Ubiquitous cameras, together with ever increasing computing resources, are dramatically changing the nature of visual data and their analysis. Cities are adopting networked camera systems for policing and intelligent resource allocation, and individuals are recording their lives using wearable devices. For these camera systems to become truly smart and useful for people, it is crucial that they understand interesting objects in the scene and detect ongoing activities/events, while jointly considering continuous 24/7 videos from multiple sources. Such object-level and activity-level awareness in hospitals, elderly homes, and public places would provide assistive and quality-of-life technology for disabled and elderly people, provide intelligent surveillance systems to prevent crimes, and allow smart usage of environmental resources. This project will investigate novel computer vision algorithms that combine 1st-person videos (from wearable cameras) and 3rd-person videos (from static environmental cameras) for joint recognition of humans, objects, and their interactions. The key idea is to combine the two views' complementary and unique advantages for joint visual scene understanding. To this end, it will create a new dataset, and develop new algorithms that learn to recognize objects jointly across the views, learn human-object and human-human relationships through the two views, and anonymize the videos to preserve users' privacies. The project will provide new algorithms that have the potential to benefit applications in smart environments, security, and quality-of-life assistive technologies. The project will also perform complementary educational and outreach activities that engage students in research and STEM.
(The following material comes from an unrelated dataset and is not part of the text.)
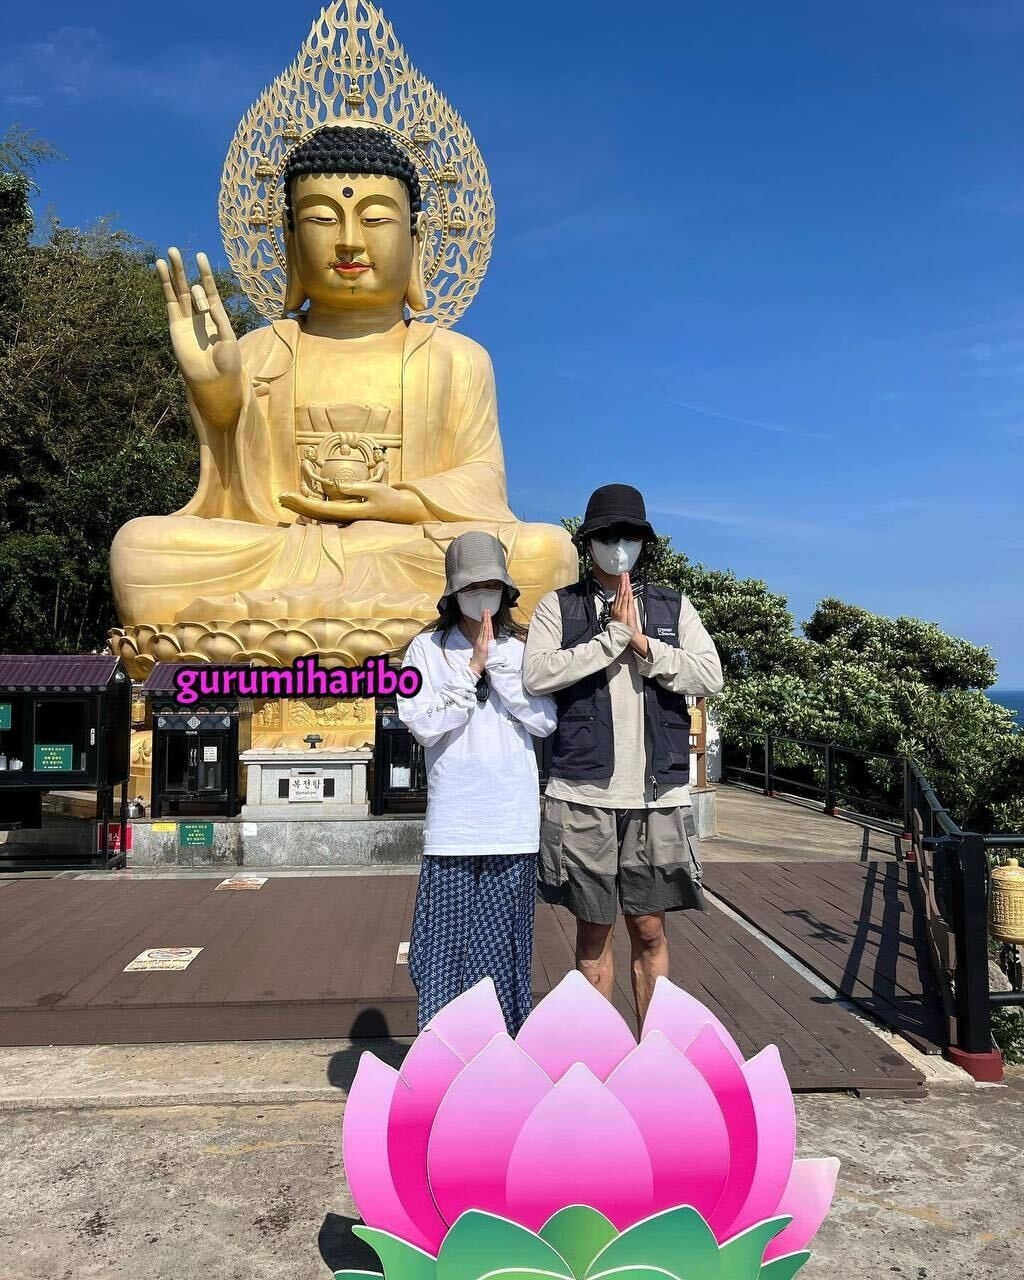 Lộ ảnh hẹn hò ‘cực tình’ của V (BTS) và Jennie (BlackPink) tại đảo Jeju?
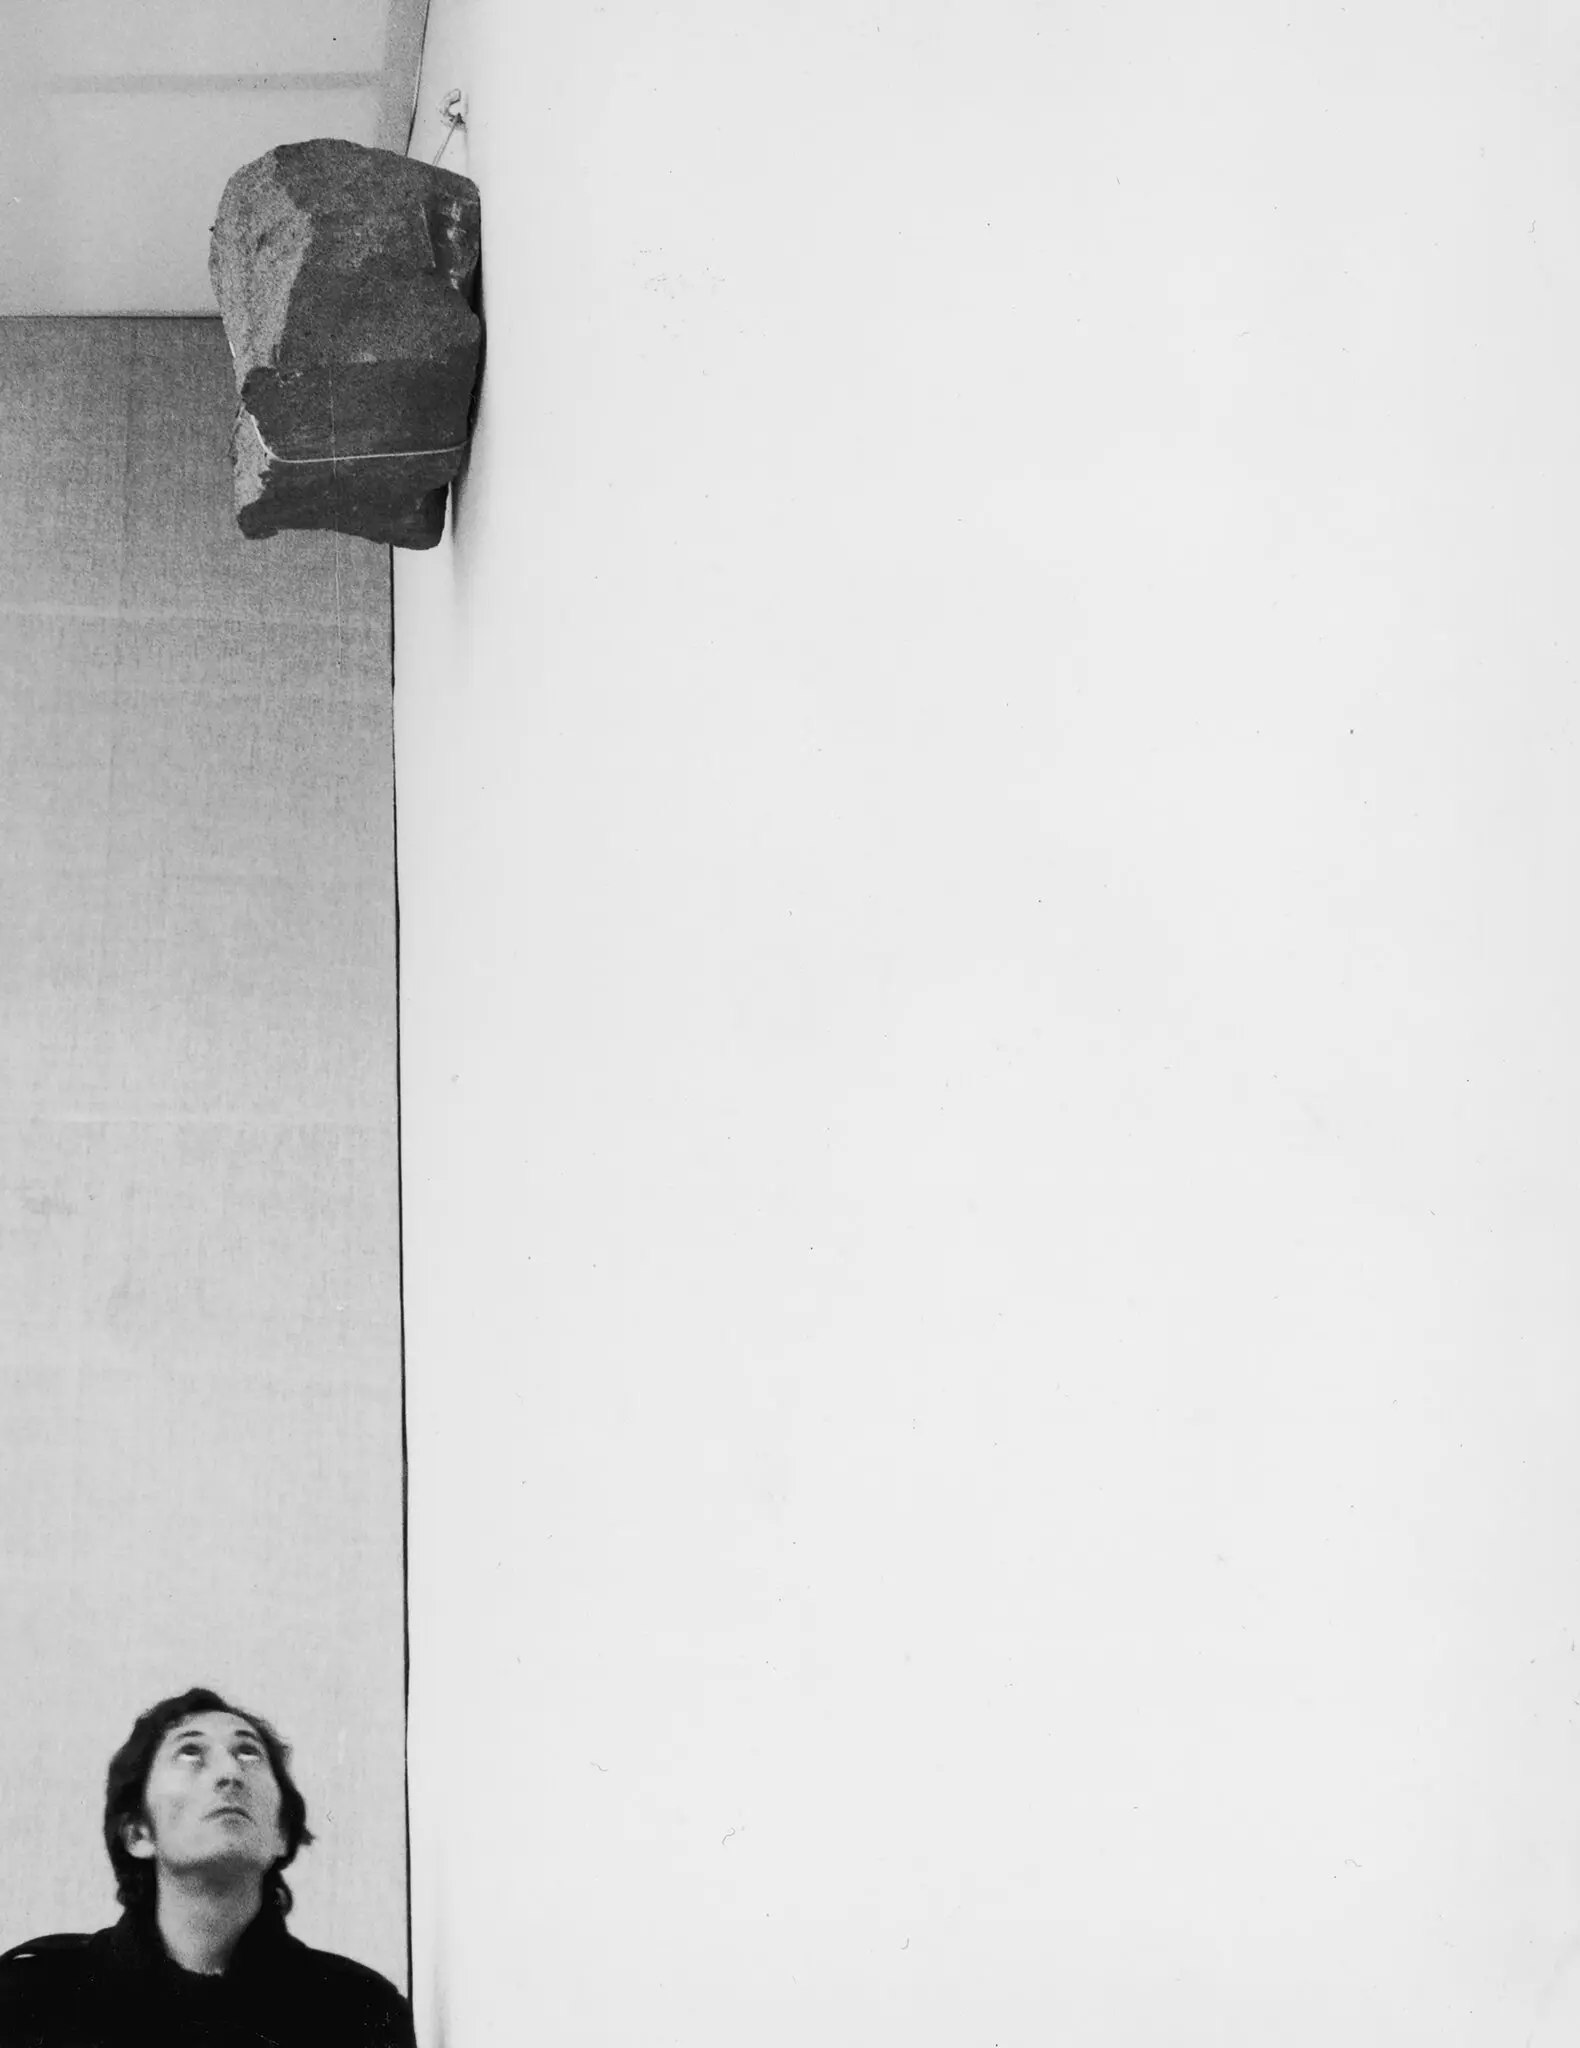 Giovanni Anselmo, foi um dos artistas italianos mais engraçados e filosóficos que fazem o que o crítico Germano Celant indelevelmente chamou de Arte Povera, ou “arte pobre”, cunhou o termo “arte povera” em conexão com uma mostra que foi curada em Gênova, que incluía obras de Jannis Kounellis, Alighiero Boetti e outros

This project will develop novel algorithms that learn from joint 1st-person videos (from wearable cameras) and 3rd-person videos (from static environmental cameras) for joint recognition of humans, objects, and their interactions. The 1st-person view is ideal for object recognition, while the 3rd-person view is ideal for human activity recognition. Thus, this project will investigate unique solutions to challenging problems that would otherwise be difficult to overcome when analyzing each viewpoint in isolation. The main research directions will be: (1) creating a benchmark 1st-person and 3rd-person video dataset to investigate this new problem; and developing algorithms that (2) learn to establish object and human correspondences between the two views; (3) learn object-action relationships across the views; and (4) anonymize the visual data for privacy-preserving visual recognition.
This award reflects NSF's statutory mission and has been deemed worthy of support through evaluation using the Foundation's intellectual merit and broader impacts review criteria.